= Thomas Johnson (botany teacher) =

English botanist (1863–1954)

Thomas Johnson (27 February 1863 - 9 September 1954) was an English botanist and academic renowned as an expert and cataloguer of the world's algae, fungi, and fossil plants.

==Biography==
Johnson was born in Barton-upon-Humber, Lincolnshire, in 1863. He attended Elmfield College in Heworth, York and, after additional study, received an appointment in 1890 as Professor of Botany at Ireland's largest institution of higher learning, Catholic University of Ireland which, in 1909, became University College Dublin. In his 36-year tenure in the post he instructed generations of future botanists and other scientists, oversaw the expansion of the National Herbarium and was instrumental in the founding of the first seed testing station for Britain and Ireland. He also supervised and conducted research on economic botany, served on committees charged with advancing scientific learning in Ireland and was a pioneer in the study of phytopathology, the scientific study of plant diseases.
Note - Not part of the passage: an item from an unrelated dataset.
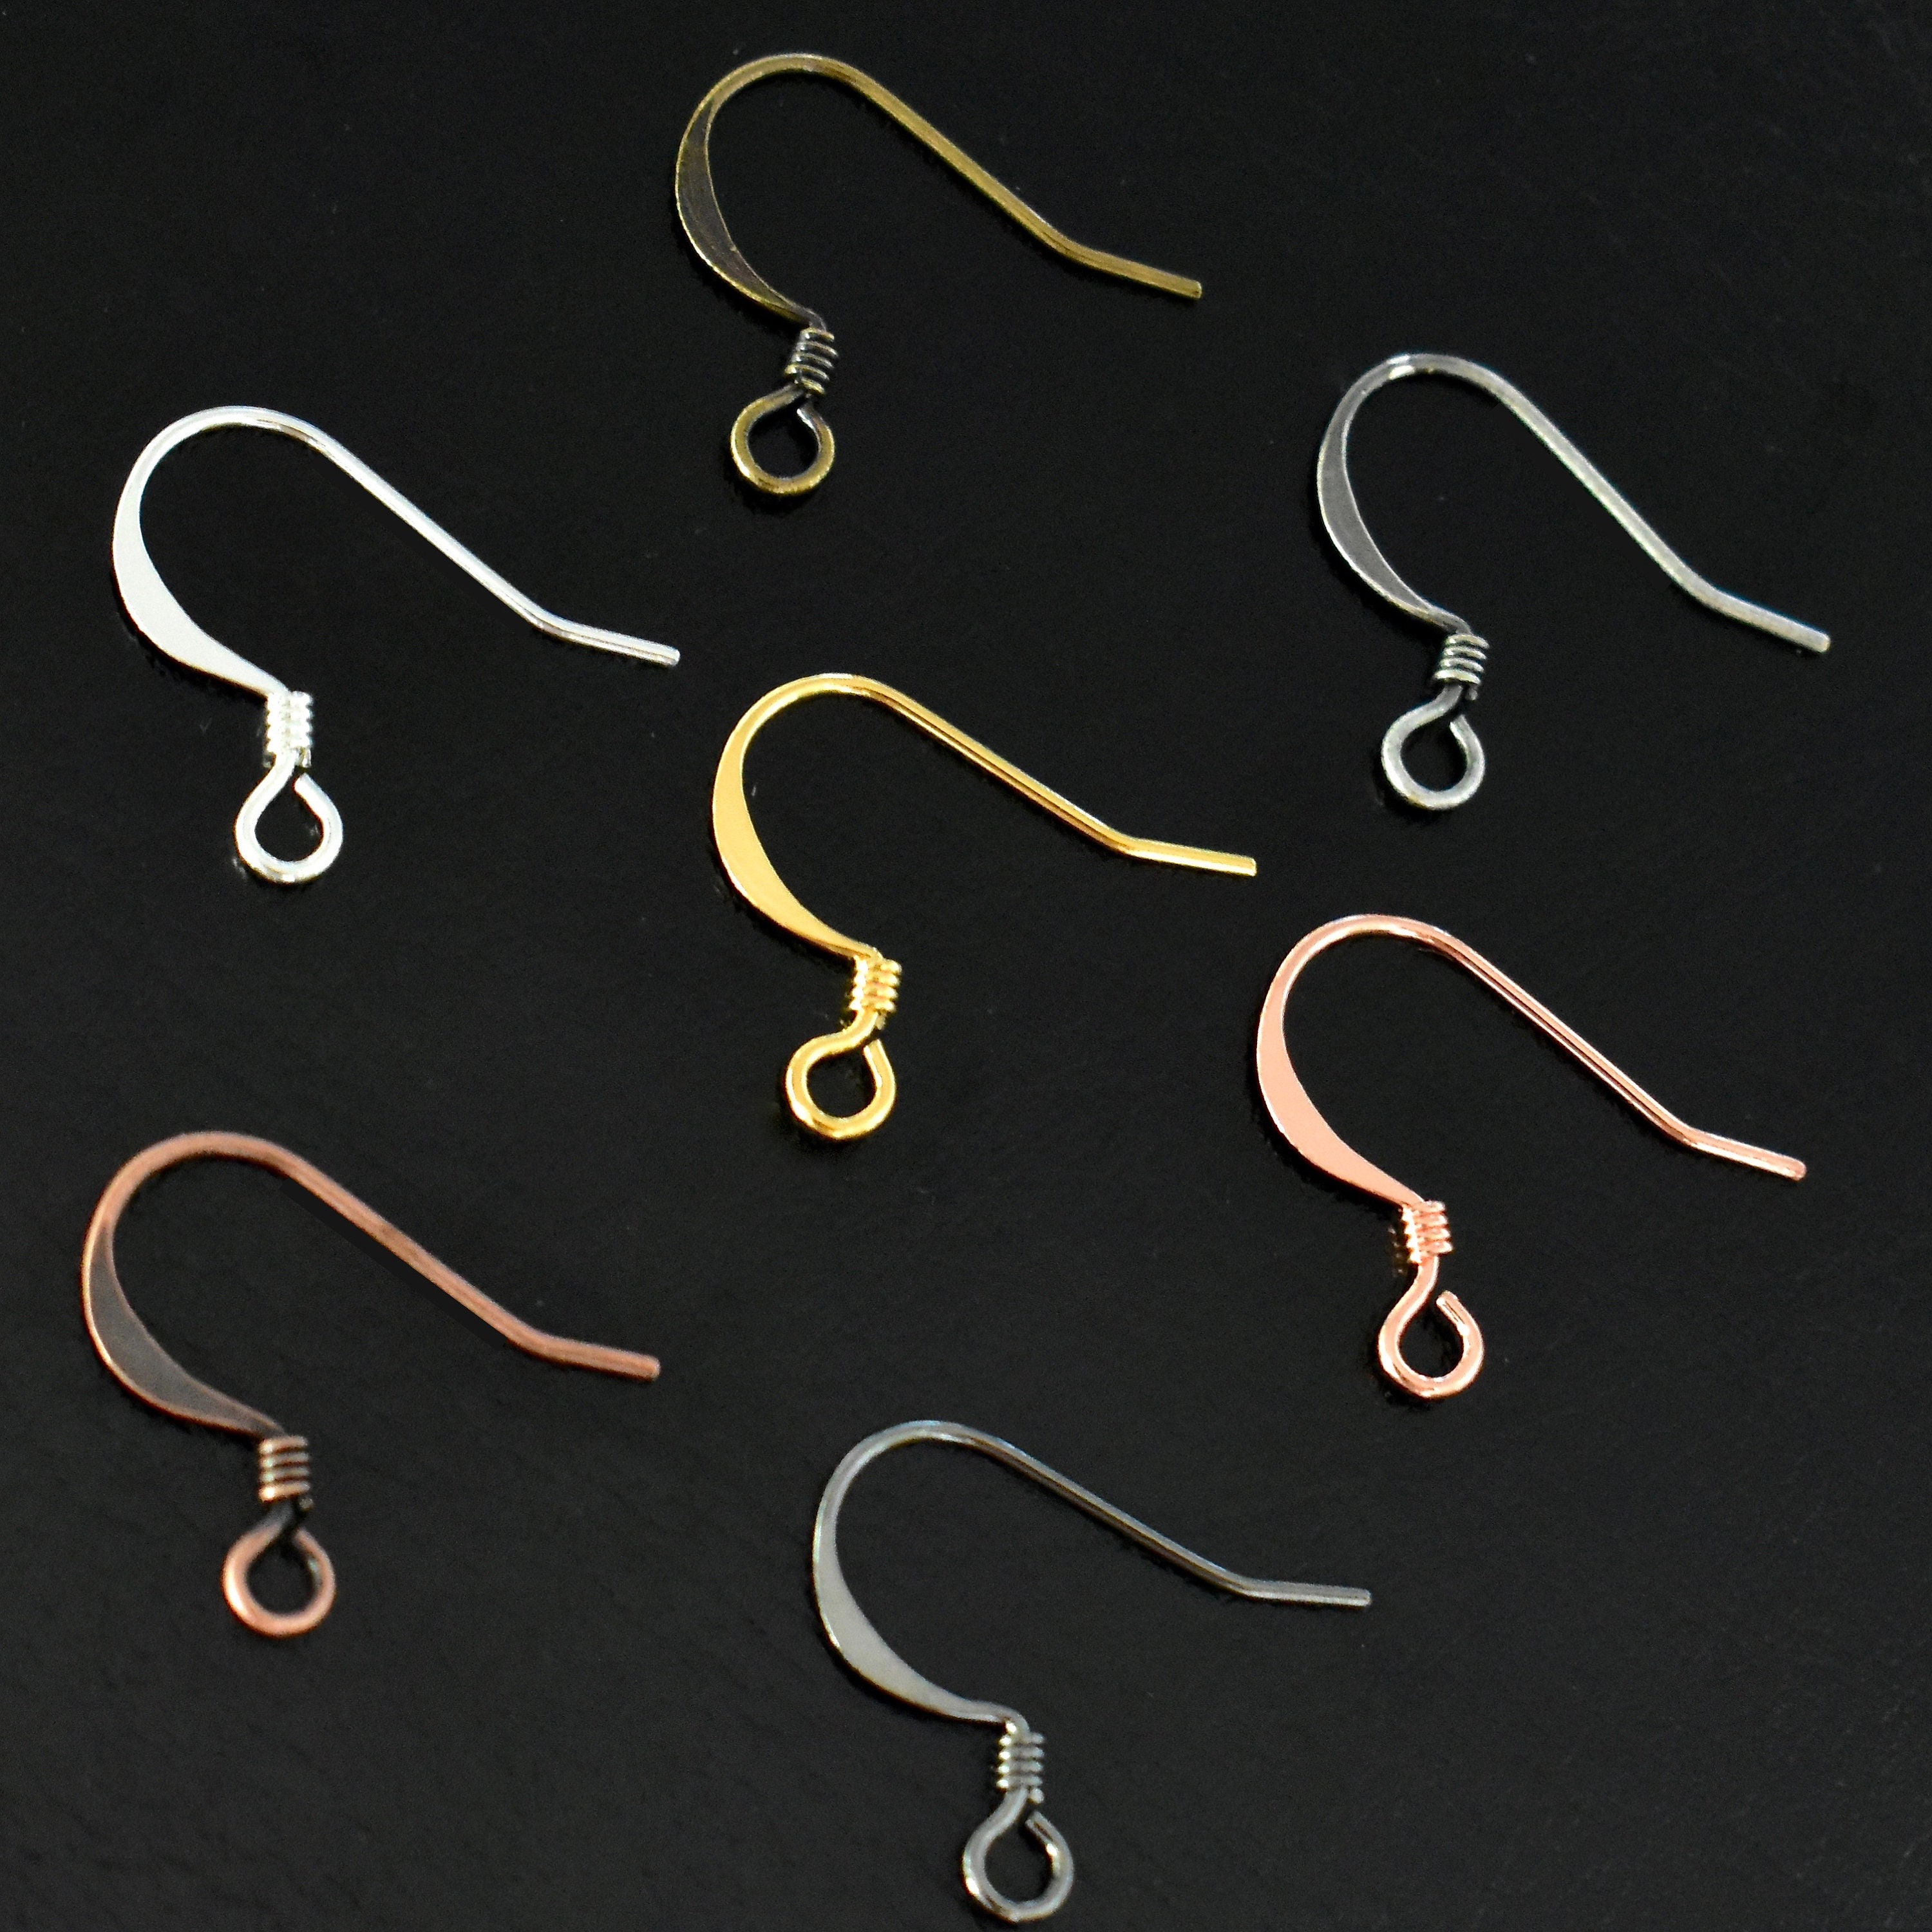  KJHBV 6pcs Earring Wires for Jewelry Making Eardrop Beads  Material C Shape Earring Hooks Earring Hook Charms Geometric Wire Earrings  Dangle Earring Hooks Ear Wire S Hook Metal Threader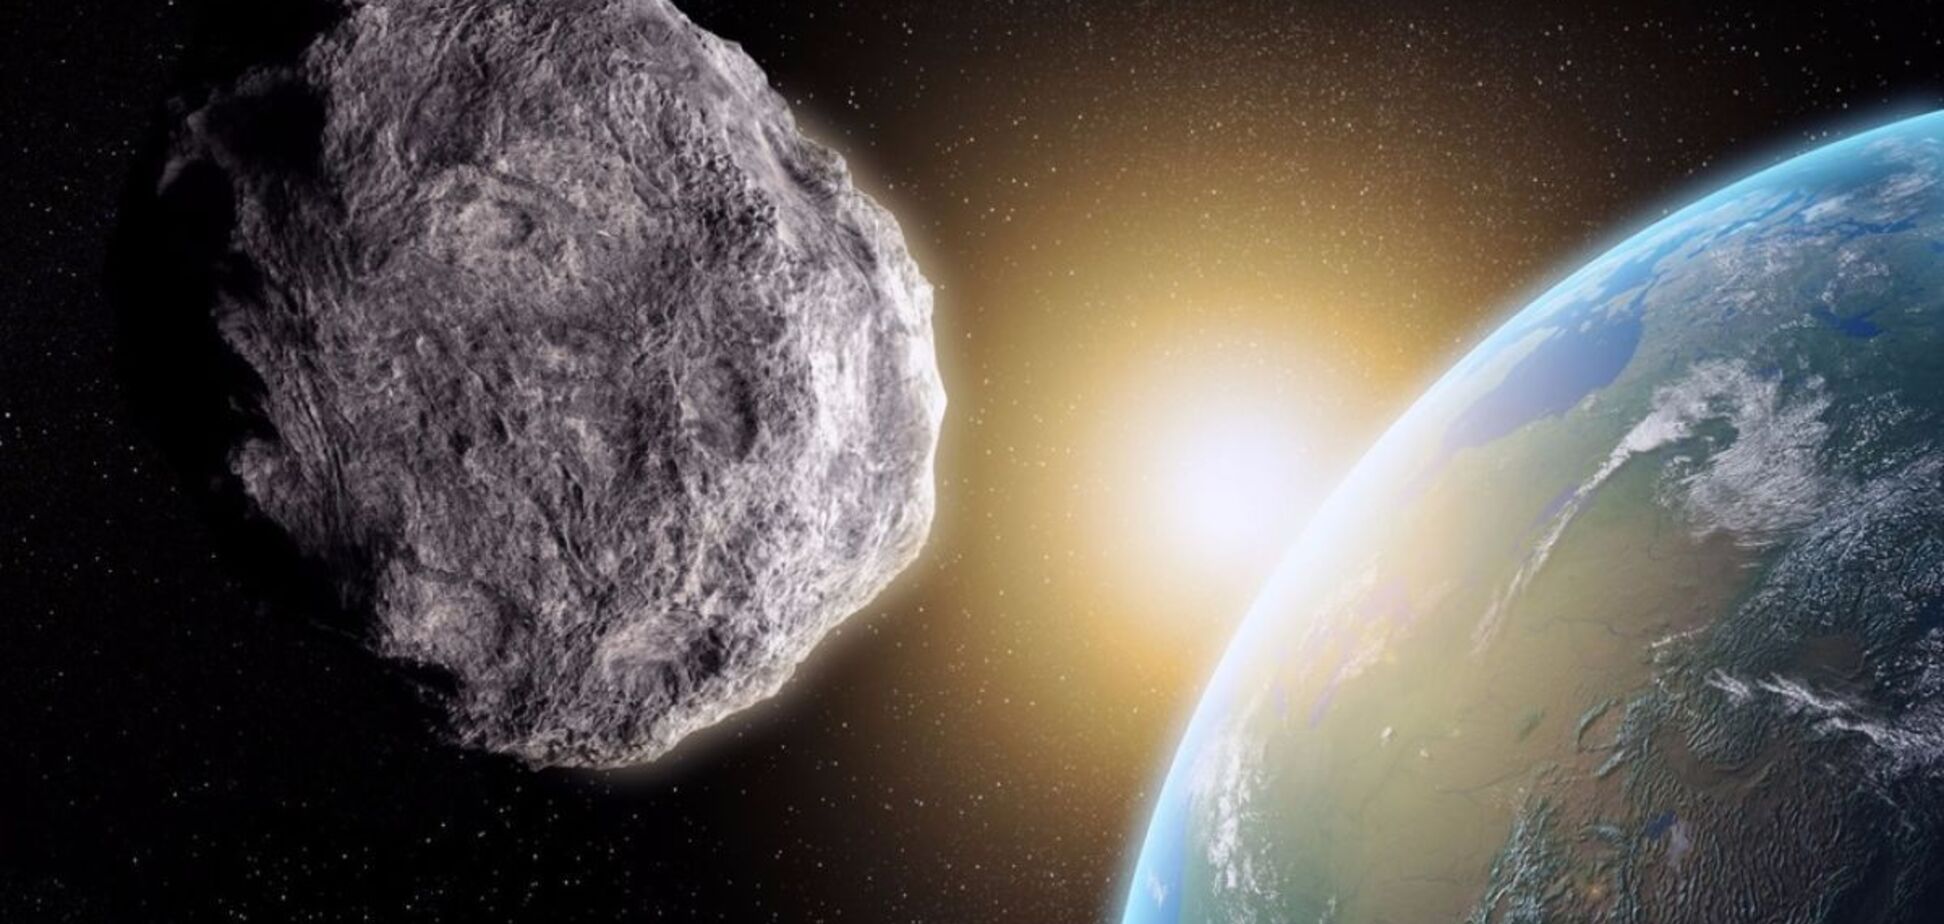 'Астероид столетия': NASA показали впечатляющие фото небесного тела

He served as vice president of the Royal Irish Academy. He was made a Fellow of the Linnean Society of London in 1890.

In 1902, Matilda Cullen Knowles was appointed a temporary assistant in the then Botanical Section of the National Science and Art Museum. She worked closely with Johnson to continue the development of the Herbarium collection. She also co-authored with him the Hand List of Irish Flowering Plants and Ferns (1910).

Johnson retired in 1923, allowing Knowles to take over curatorship, despite 'Assistant Keeper' being her job title.

==Personal life==
Johnson married Bessie Stratton Rowe, daughter of Rev. W. Rowe of Toronto. They had two sons, Lt. Col. Reginald Johnson RAMC (1888–1941) and Capt. Thomas William Gerald Johnson (1893–1976), and a daughter, Thirza Mary Patricia Johnson (1894–1955). His eldest son was a physician with the Royal Army Medical Corps and was killed in action in the Second World War, while his younger son was awarded the Military Cross during the First World War for bravery during the Gallipoli Campaign while serving with the 5th (Service) battalion of the Connaught Rangers.

Thomas Johnson died in 1954 in Dublin, and was interred at Deans Grange Cemetery.